I have a large csv file containing information on sampled pathogens representing several different species. I want to split this csv file by species, so I will have one csv file per species. The data in the file aren't in any particular order.

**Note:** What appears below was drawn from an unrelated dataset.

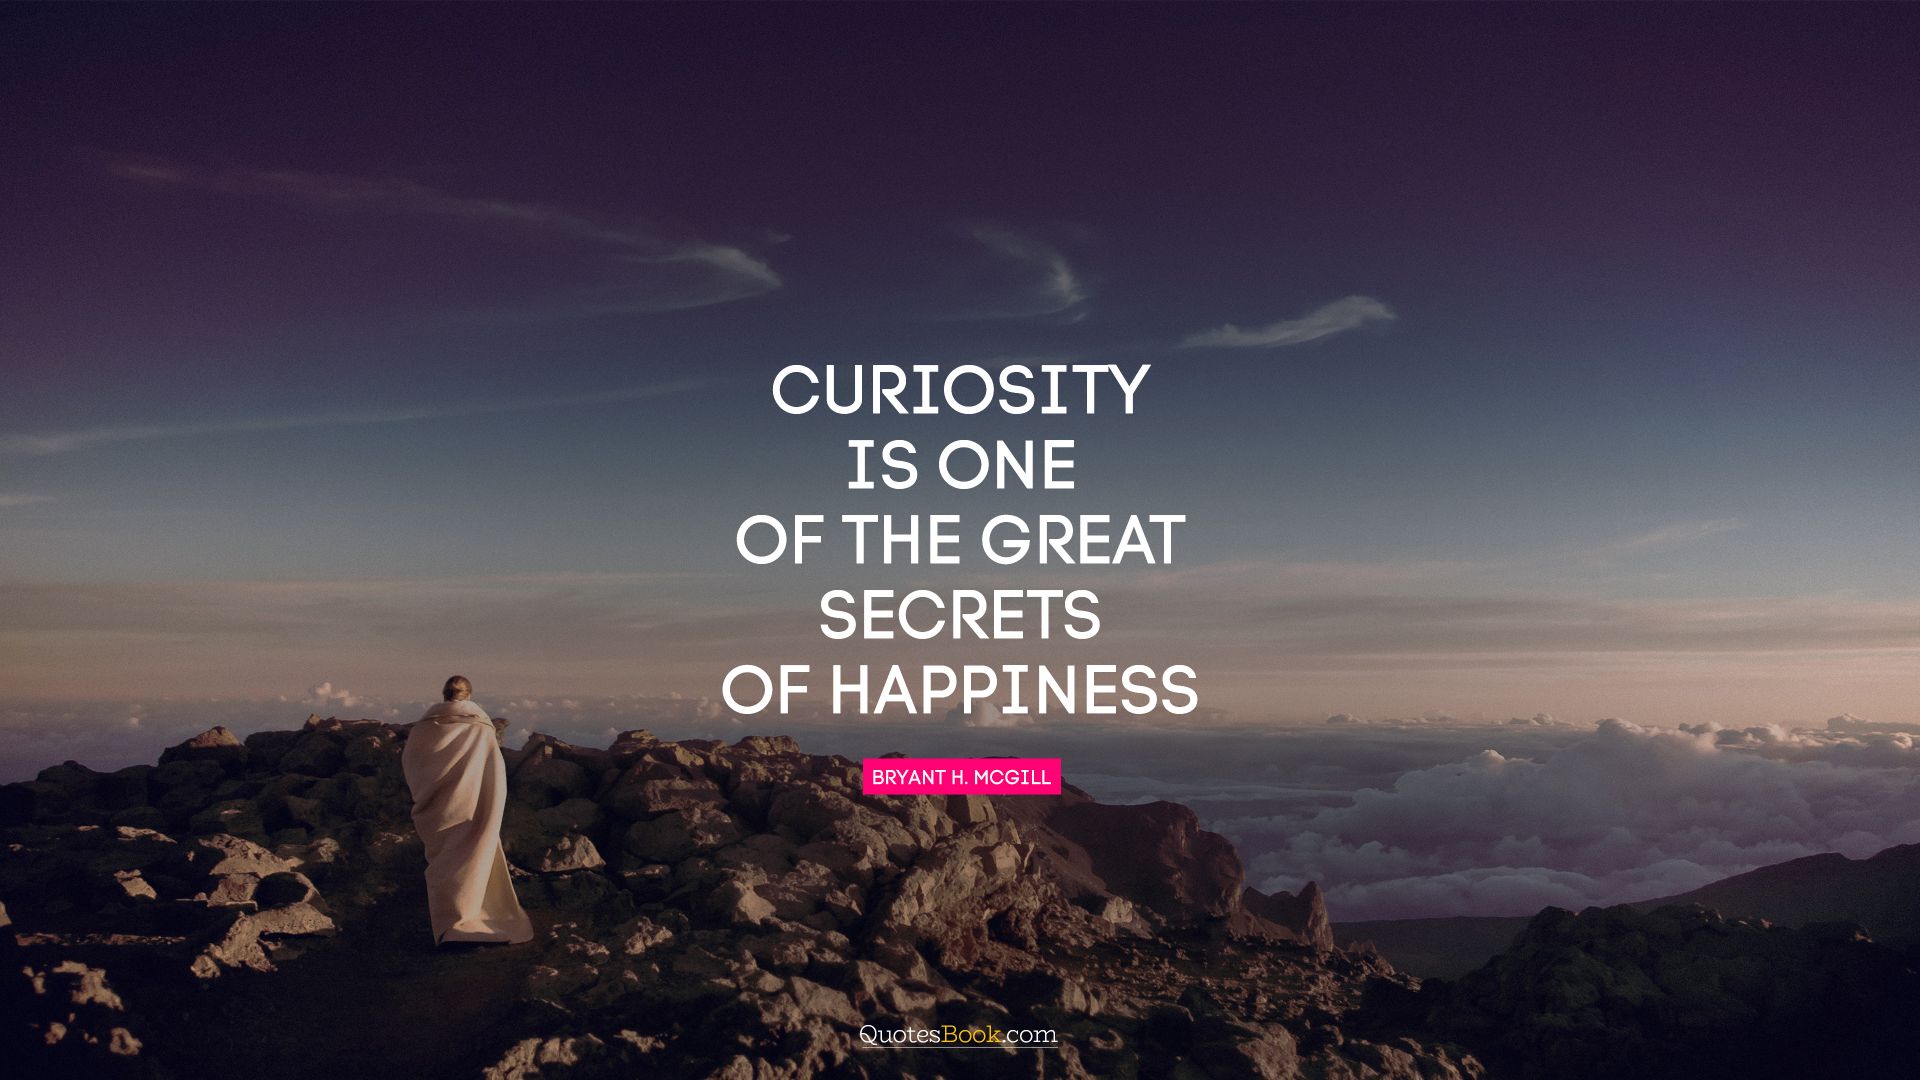 Curiosity is one of the great secrets of happiness. - Quote by Bryant H. McGill
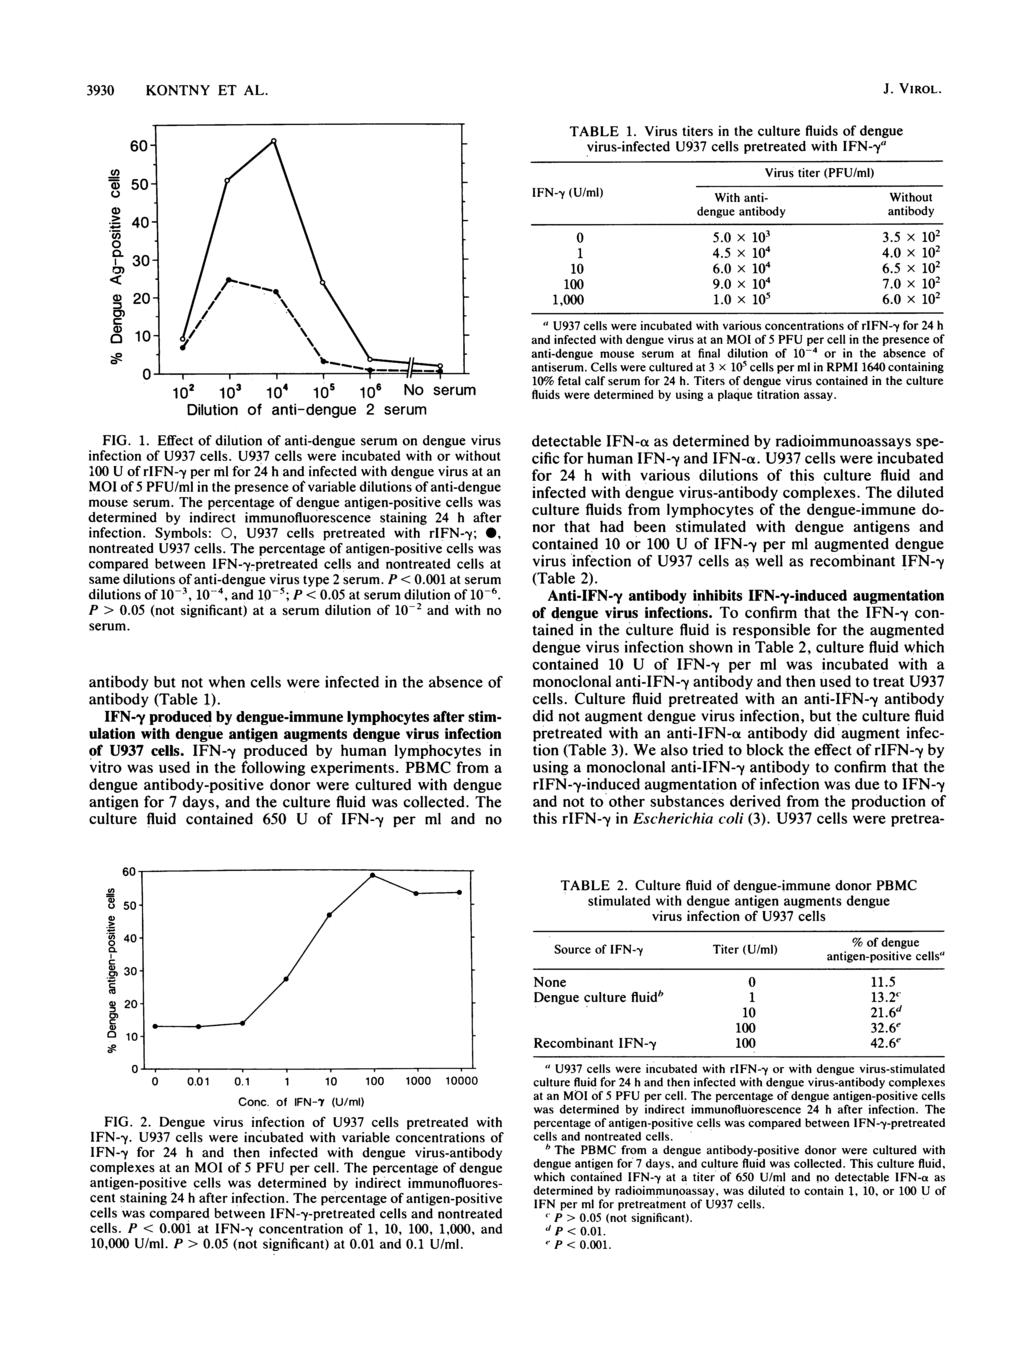 3930 KONTNY ET AL. C1) 0) C-) 0._ a) 0 01) 0) CY) 0) 102 lo, lo4 105 106 No serum Dilution of anti-dengue 2 serum FIG. 1. Effect of dilution of anti-dengue serum on dengue virus infection of U937 cells.

My csv file looks like this:
maa_2015-10-07_15-15-16_5425_manifest.csv,NULL,ERS044420,EQUI0208,1336,Streptococcus equi,15/10/2010,2010,Belgium,Belgium
maa_2015-09-28_13-07-45_0098_manifest.csv,NULL,ERS852528,2789STDY5834916,154046,Hungatella hathewayi,2013,2013,United Kingdom,UK
maa_2015-09-28_13-07-45_0098_manifest.csv,NULL,ERS852530,2789STDY5834918,33039,Ruminococcus torques,2013,2013,United Kingdom,UK
maa_2015-09-28_13-07-45_0098_manifest.csv,NULL,ERS852533,2789STDY5834921,40520,Blautia obeum,2013,2013,United Kingdom,UK
maa_2015-09-28_13-07-45_0098_manifest.csv,NULL,ERS852535,2789STDY5834923,1150298,Fusicatenibacter saccharivorans,2013,2013,United Kingdom,UK
maa_2015-09-28_13-07-45_0098_manifest.csv,NULL,ERS852537,2789STDY5834925,1407607,Fusicatenibacter,2013,2013,United Kingdom,UK
maa_2015-09-28_13-07-45_0098_manifest.csv,NULL,ERS852540,2789STDY5834928,39492,Eubacterium siraeum,2013,2013,United Kingdom,UK
maa_2015-09-28_13-07-45_0098_manifest.csv,NULL,ERS852544,2789STDY5834932,292800,Flavonifractor plautii,2013,2013,United Kingdom,UK
maa_2015-09-28_13-07-45_0098_manifest.csv,NULL,ERS852551,2789STDY5834939,169435,Anaerotruncus colihominis,2013,2013,United Kingdom,UK
maa_2015-10-07_15-15-16_5425_manifest.csv,NULL,ERS044418,EQUI0206,1336,Streptococcus equi,05/02/2010,2010,Belgium,Belgium
maa_2015-10-07_15-15-16_5425_manifest.csv,NULL,ERS044419,EQUI0207,1336,Streptococcus equi,29/07/2010,2010,Belgium,Belgium
The name of the species is at index 5.
I originally tried this:
import csv
from itertools import groupby
for key, rows in groupby(csv.reader(open("file.csv")),
lambda row: row[5]):
with open("%s.csv" % key, "w") as output:
for row in rows:
output.write(",".join(row) + "\n")
But this fails because the data aren't ordered by species and there isn't an append arguement for the output (that I'm aware of) so each time the script encounters a new entry of a species that it has already written to a file it overwrites the first entries.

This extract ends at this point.